O que é doença vascular periférica?

O que é doença vascular periférica?

A Doença Vascular Periférica (DVP) é um grave problema que atinge o sistema circulatório e, com isso, afeta o funcionamento dos vasos sanguíneos fora do coração. A complicação altera a maneira com a qual as artérias transportam sangue para as pernas e os braços, aumentando o risco de ocorrências de ataques cardíacos e Acidentes Vasculares Cerebrais (AVC).

Causas da patologia

A DVP ocorre no momento em que as artérias ficam estreitas ou, até mesmo, bloqueadas, devido à ação de placas de gordura que se formam no sangue. O material gorduroso pode ser composto por colesterol, cálcio, depósitos de calorias, entre outras substâncias. Os vasos obstruídos impossibilitam que o sangue, rico em oxigênio, siga seu rumo natural até as musculaturas que necessitam dele. As consequências são dores e dificuldade de deslocamento, que podem acarretar em lesões, infecções e, em casos mais graves, até amputações.

Fatores de risco da DVP

Os indivíduos mais expostos aos fatores de risco, normalmente, possuem idade superior aos 50 anos. Ainda assim, os cuidados devem ser tomados por todas as faixas etárias. Os que têm mais possibilidades de sofrer com a doença são aqueles com colesterol alto, hipertensão arterial, diabetes ou que tenham vivenciado um AVC. Fatores de risco que podem ser evitados são o tabagismo, dietas não equilibradas e ricas em alimentos gordurosos, obesidade e uma rotina estressante. Já entre os inevitáveis, estão a menopausa, o envelhecimento e antecedentes familiares de doenças cardíacas.

Sintomas e tratamento

Entre os principais sintomas da DVP estão cãibras nas pernas, quadris e nádegas, além do adormecimento de tais regiões ao fazer algum tipo de atividade física, mesmo que seja simplesmente caminhar. Também podem ser citados: formigamento nas pernas, mudanças na coloração da pele na região afetada, impotência e infecções ou úlceras que não se curam.

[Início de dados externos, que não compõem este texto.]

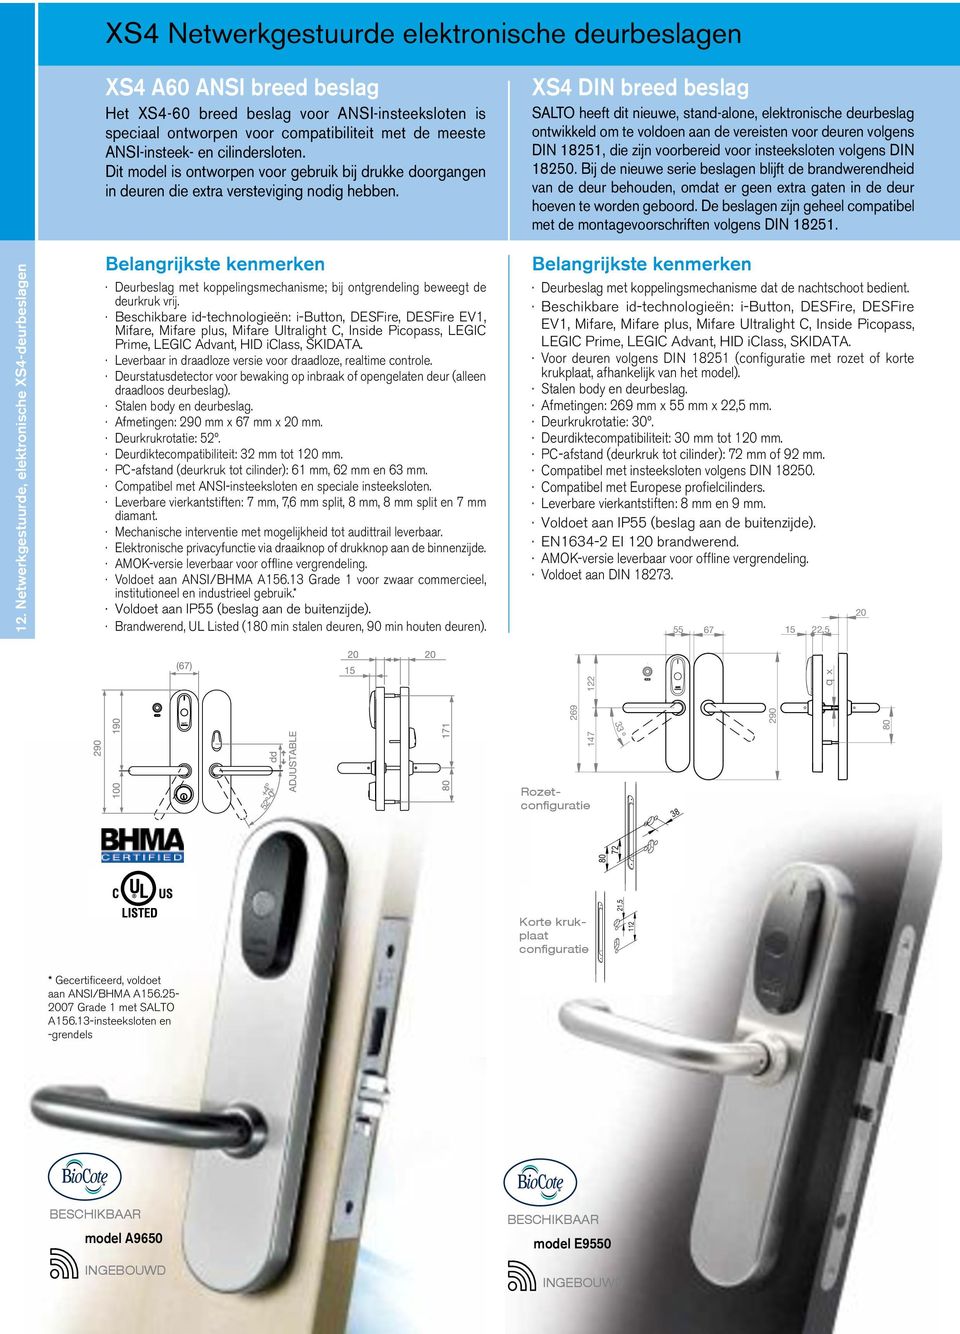 XS4 DIN breed beslag SALTO heeft dit nieuwe, stand-alone, elektronische deurbeslag ontwikkeld om te voldoen aan de vereisten voor deuren volgens DIN 18251, die zijn voorbereid voor insteeksloten

O tratamento deve ser realizado de acordo com o grau de gravidade em que se encontra o paciente. Poderão ser receitados medicamentos específicos que colaboram com a melhor fluidez do sangue, além da prática de exercícios. Também pode existir a necessidade de se adotar um procedimento cirúrgico, caso o quadro já esteja muito avançado, ou o implante de Stent, um pequeno tubo de metal, inserido na artéria para ajudá-la a se manter aberta.